───── Material provided
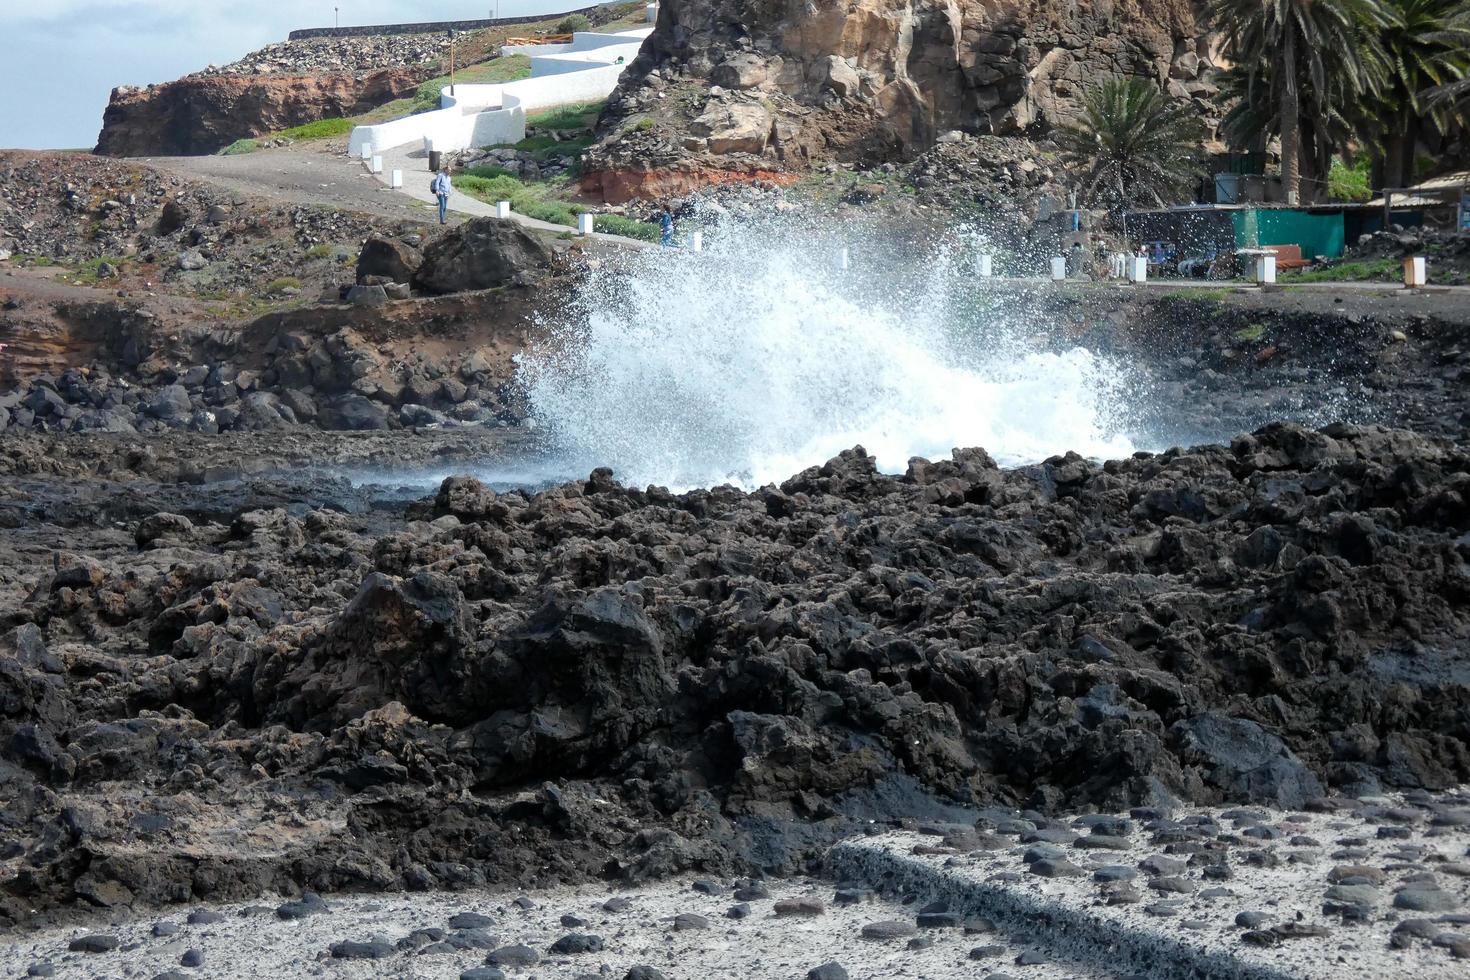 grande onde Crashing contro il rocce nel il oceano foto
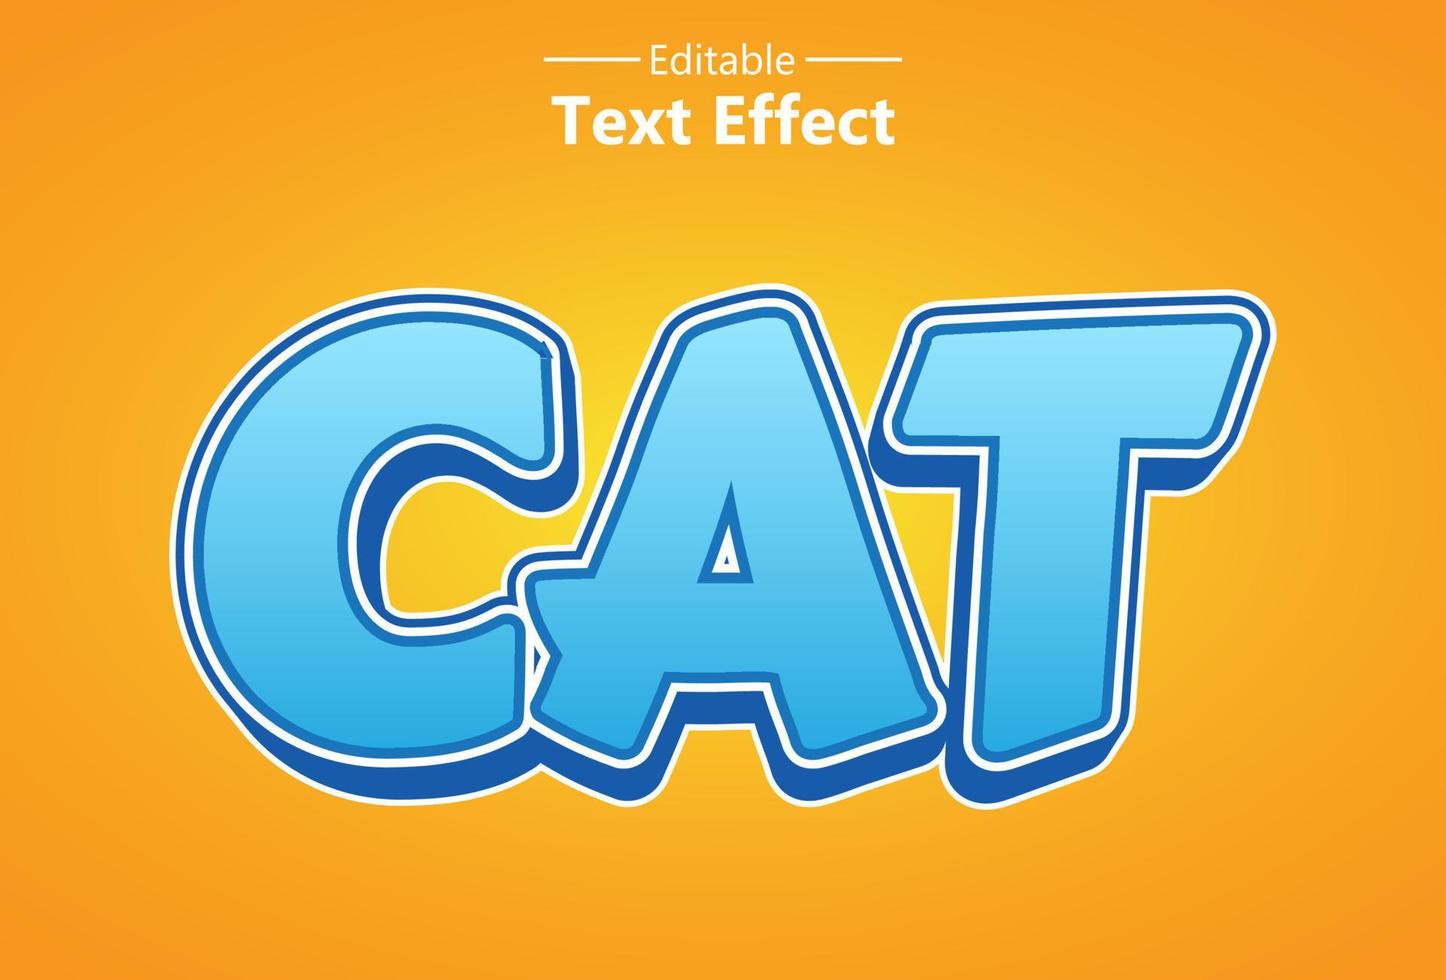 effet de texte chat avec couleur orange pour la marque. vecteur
──────────
───── Material provided
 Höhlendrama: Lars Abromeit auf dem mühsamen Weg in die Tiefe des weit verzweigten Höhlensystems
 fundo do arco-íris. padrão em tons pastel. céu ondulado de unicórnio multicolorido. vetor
──────────
Using the listing above, repeat word for word each line from the one with "grande onde Crashing" down to the one with "effet de texte", both included. Omit all pictures.

 grande onde Crashing contro il rocce nel il oceano foto
 effet de texte chat avec couleur orange pour la marque. vecteur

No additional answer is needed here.